Aglets: A good idea for spidering?

  • Jason Haines ,
  • Brendan Humphreys ,
  • Chris Johnson Nick Craswell ,
  • Paul Thistlewaite ,

4th IDEA Workshop Proceedings |

\urlhttp://research.microsoft.com/users/nickcr/pubs/craswell_idea97.pdf

Many individuals and businesses now rely on the Web for promulgating and finding information, and in particular, rely on centralised search databases. The extent to which these databases reflect the “contents” of the Web in an accurate and timely manner is now under considerable doubt, and in any event, it is apparent that the methods used by the search engines for finding new and modified Web documents are not scaling well.
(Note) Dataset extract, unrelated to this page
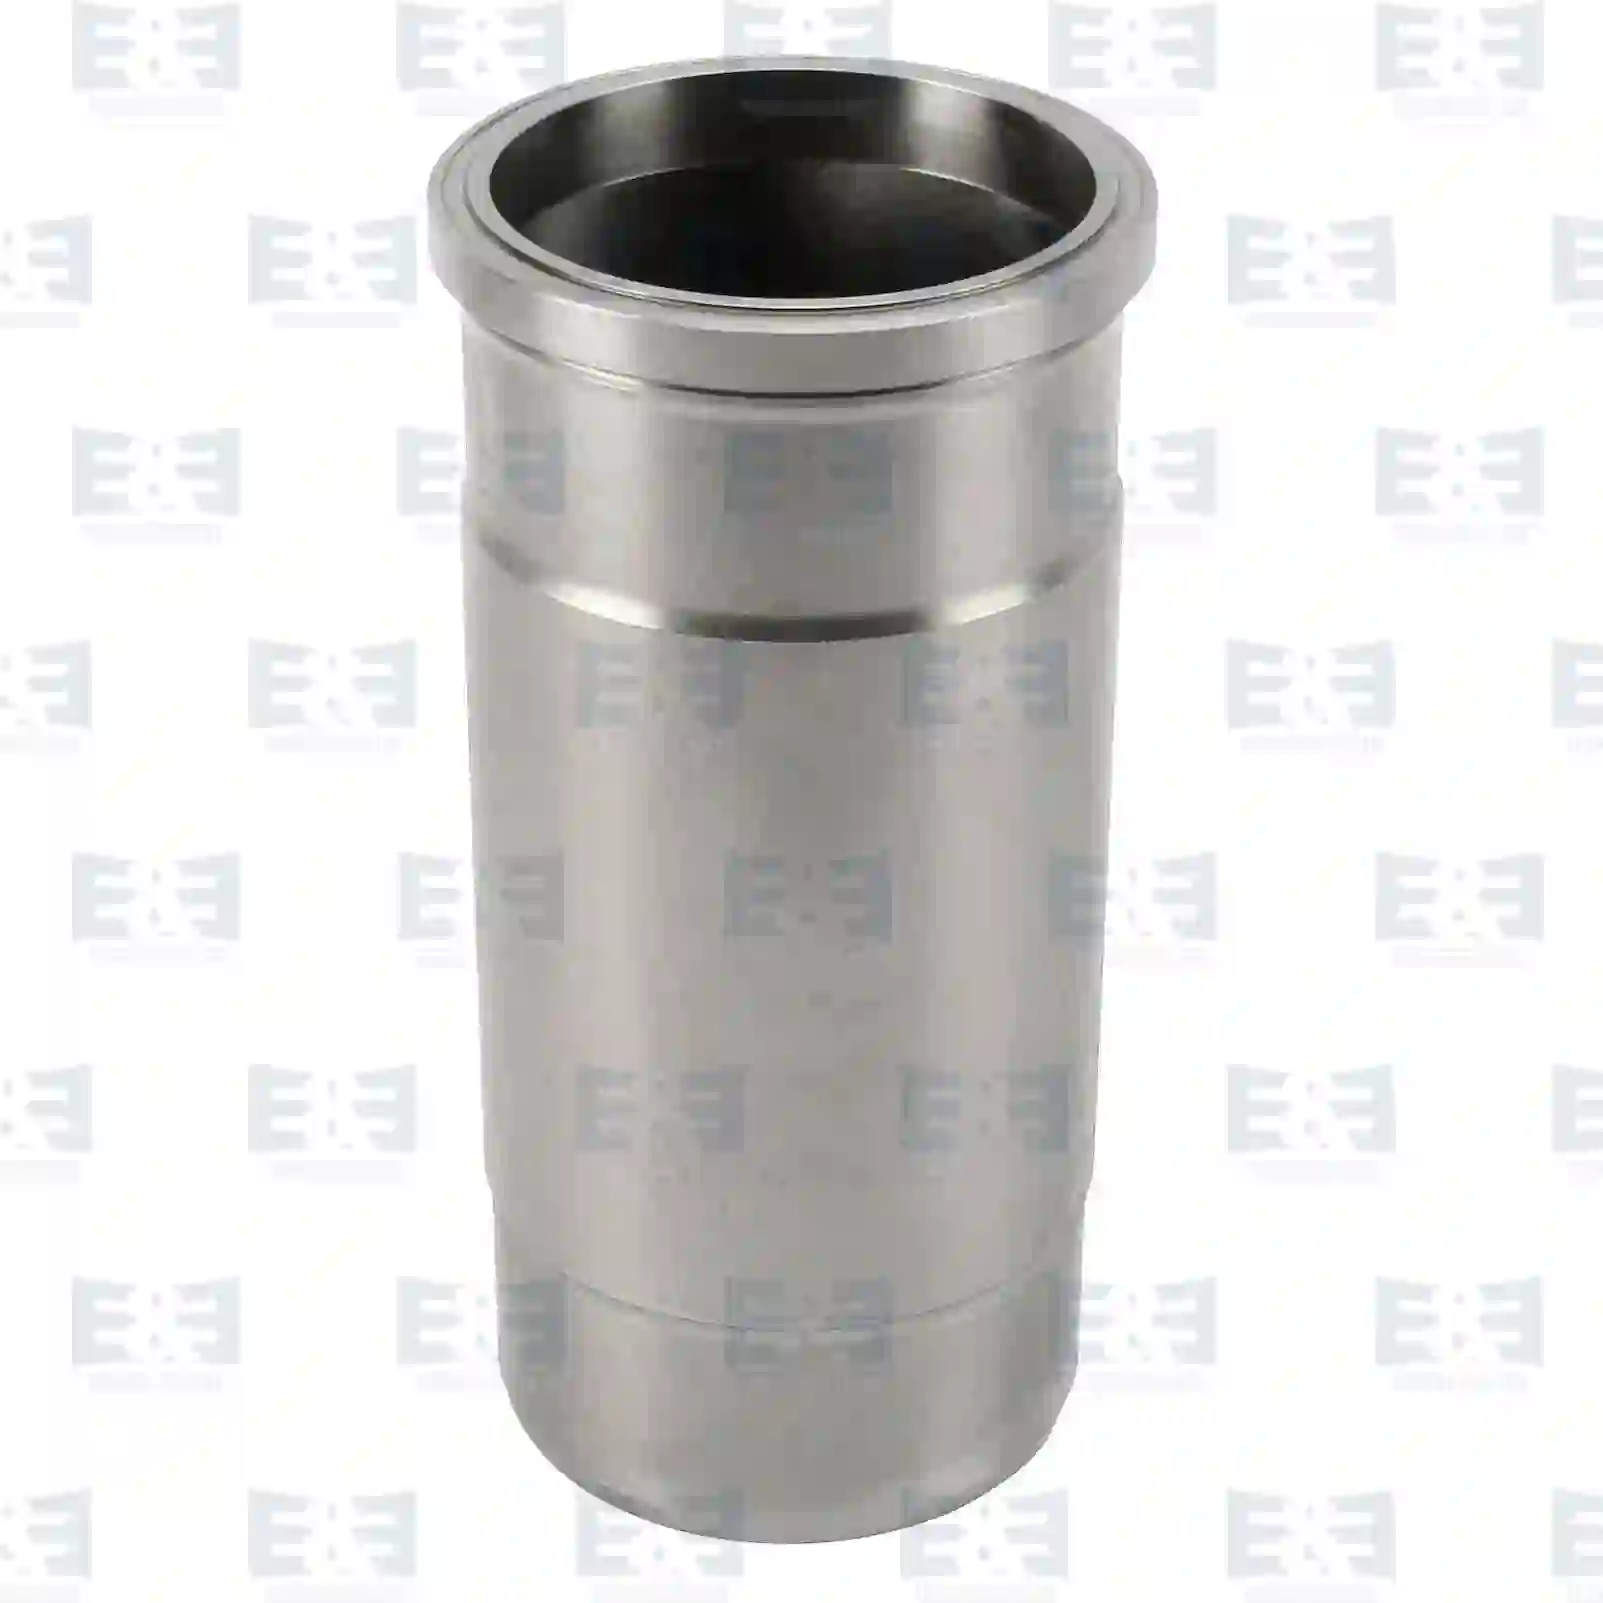 Cylinder liner, without seal rings, 2E2209633, 421430, 466260, 466864, 466865 ||  2E2209633 E&E Truck Spare Parts | Truck Spare Parts, Auotomotive Spare Parts Cylinder liner, without seal rings, 2E2209633, 421430, 466260, 466864, 466865 ||  2E2209633 E&E Truck Spare Parts | Truck Spare Parts, Auotomotive Spare Parts
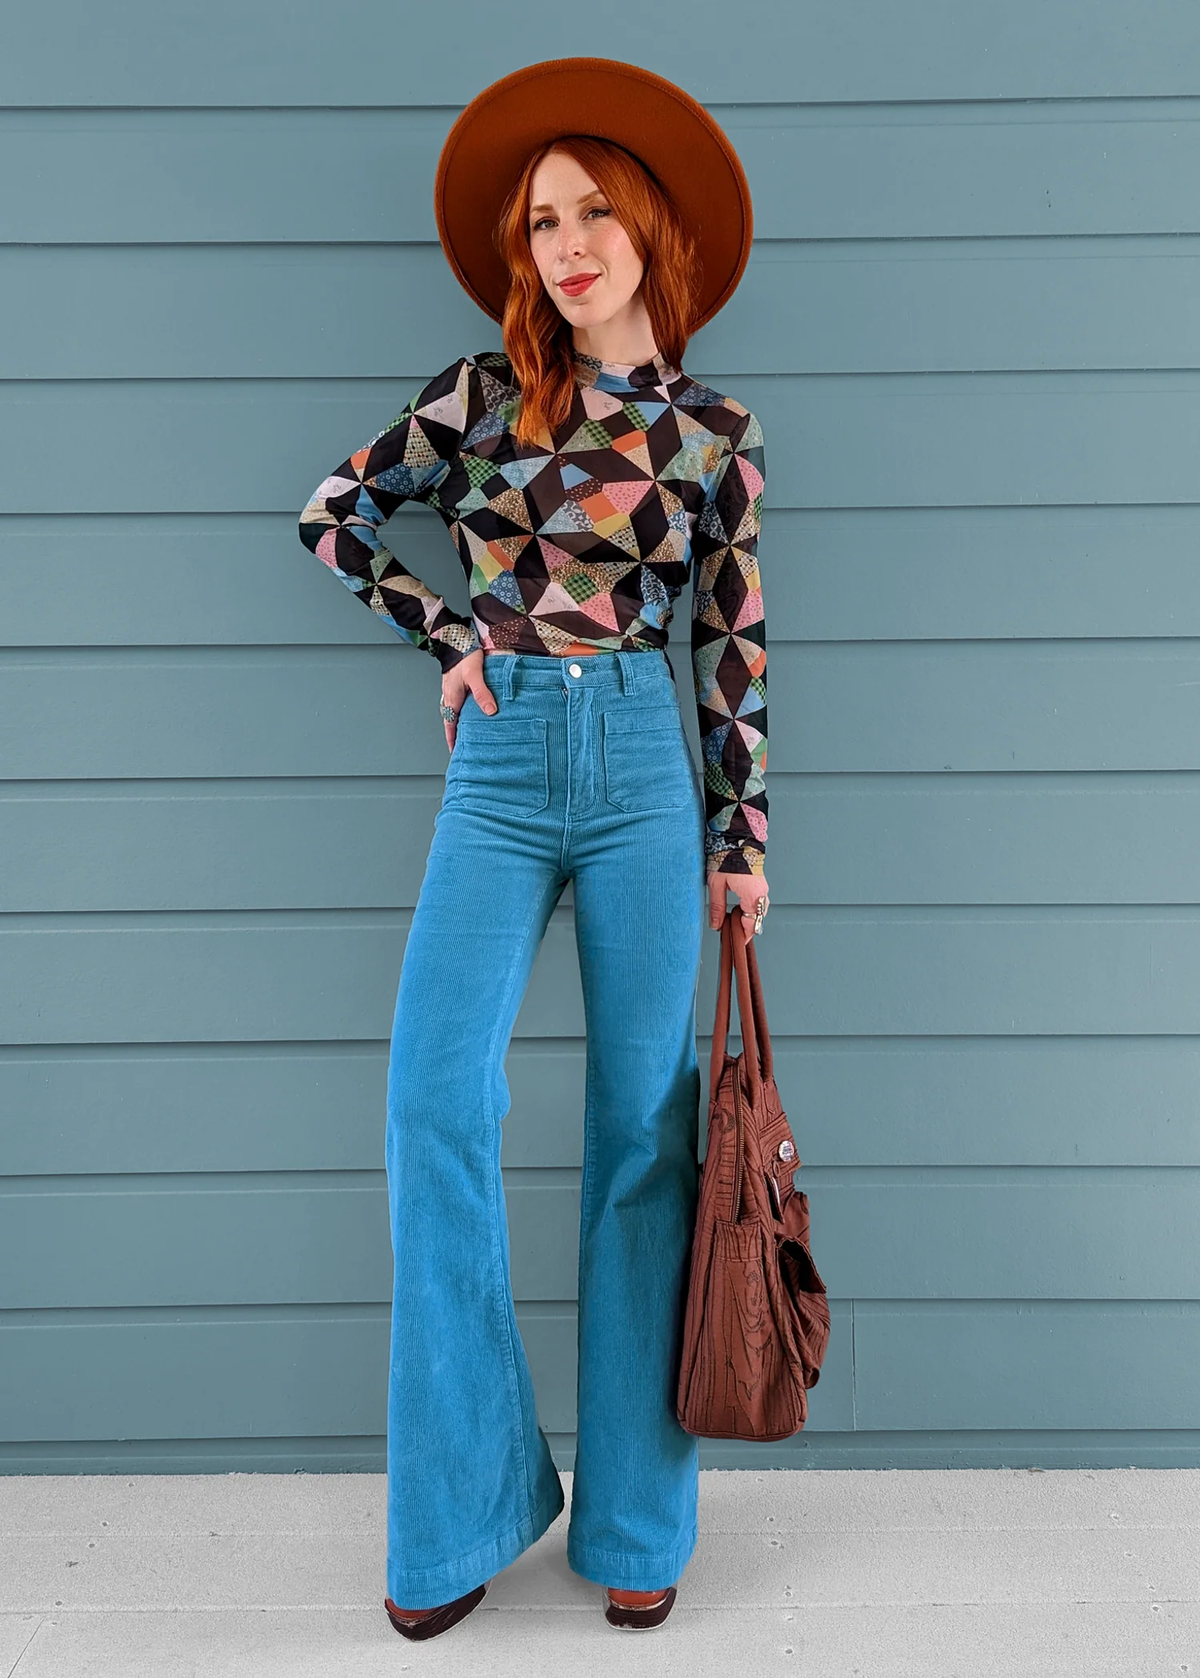 70s inspired cornflower light blue corduroy eastcoast flares with high rise waist and sailor patch front pockets, by Rolla's Jeans

To ameliorate these problems, we have been exploring the use of a “data push” model for notifying Web changes, to replace the current “data pull” model, which uses aglets (aka servlets or peerlets) to distribute the indexing task. Aglets are objects with a thread of control, that can migrate autonomously between processors in a distributed environment. As currently proposed and implemented, aglets have very few of the properties of Persistence. But as they inhabit a similar conceptual space, their properties and applications present some interest to the persistence community. Aglets have unique identities, locally persistent data and methods (in the sense that the aglet can be deactivated onto disk and reactivated), and self-migration in a distributed environment, but they do not facilitate a universal name space. They appear to be modelled on a belief that the processors in the network, while needing to be sufficiently transparent to allow some cooperative processing, will remain sufficiently opaque to thwart a realisation of the Persistence Ideals.